Yo dawg, I heard you like Linux so we put Linux in your Firefox so you can run Linux while you run your Linux 

Interesting project though.


----------



## SirDice (May 19, 2011)

Since it emulates a PC it might even be possible to boot a FreeBSD kernel :e


----------



## nekoexmachina (May 19, 2011)

Can't wait for it to get support for direct PCI usage and a bit more speed plus some crazy features like VT-d support or so. I will be able to run nexuiz on FreeBSD on virtual machine in my chrome in my Linux which runs inside VirtualBox on top of FreeBSD! 

Seriously: very academically interesting project, but I did not find the source.


----------



## sossego (May 23, 2011)

http://bellard.org/jslinux/tech.html

http://news.ycombinator.com/item?id=2572915

http://www.quora.com/How-does-bellard-org-jslinux-work

You could also email Fabrice Bellard, the information is on the main page of his site.
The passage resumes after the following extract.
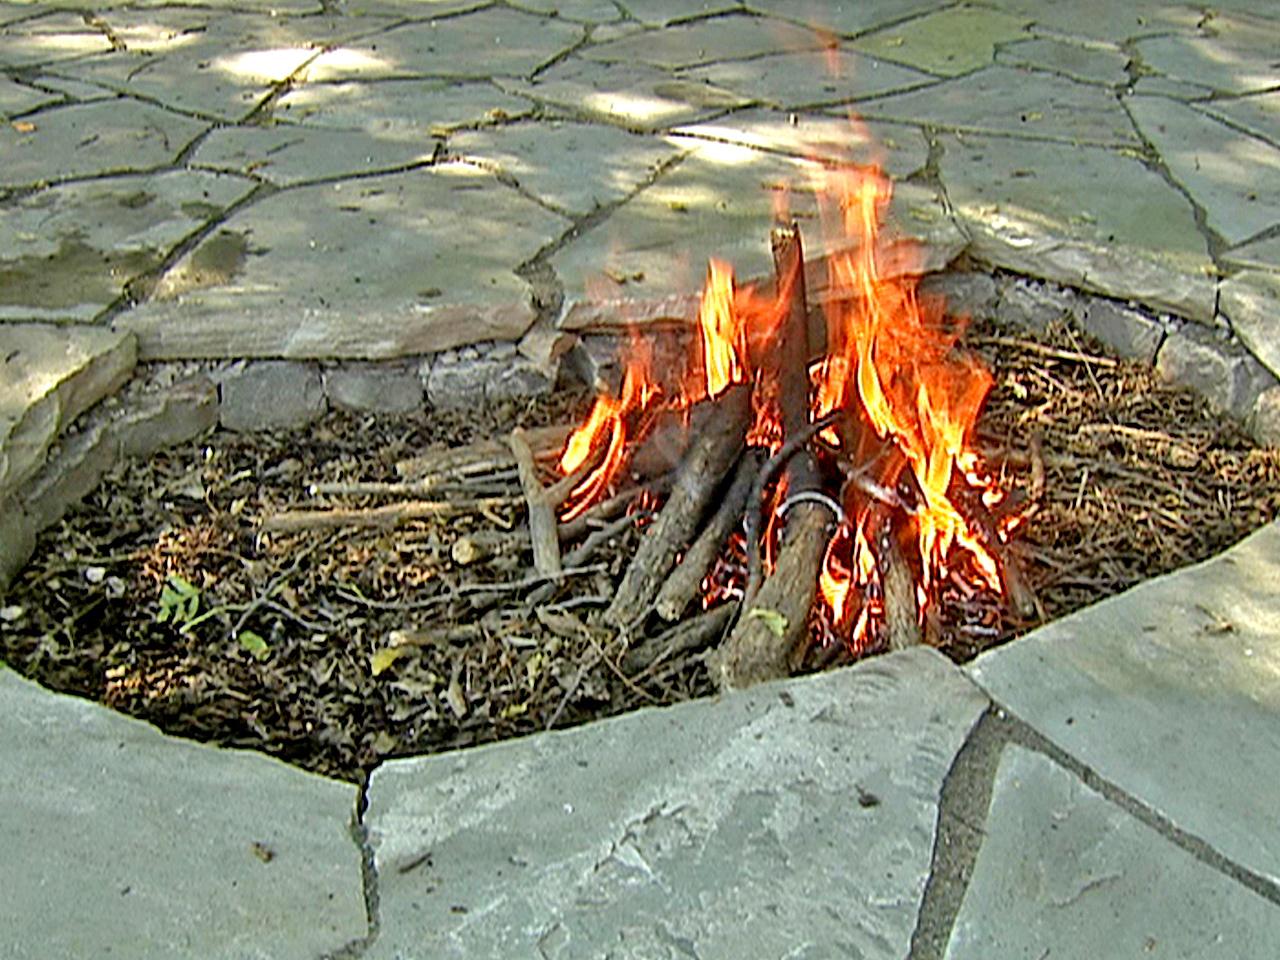 Outdoor Fire Pits And Pit Safety, Are Propane Fire Pits Legal

Bellard's accomplishments are: 
1.Qemu- Yes, I know. It was influenced by bochs. Xen, kvm, Virtualbox are dependent upon qemu.
2. Calculating pi with a modern desktop.
3. Tinycc.
And a few more. 

He's probably one of the best programmer/developers out there and he manages to keep a low profile.


----------



## UNIXgod (May 23, 2011)

Alt said:
			
		

> It's not really *emulated linux* it's *emulated x86*, so it uses real linux image.



Derp! I screwed up. Sorry for the crappy headline.


----------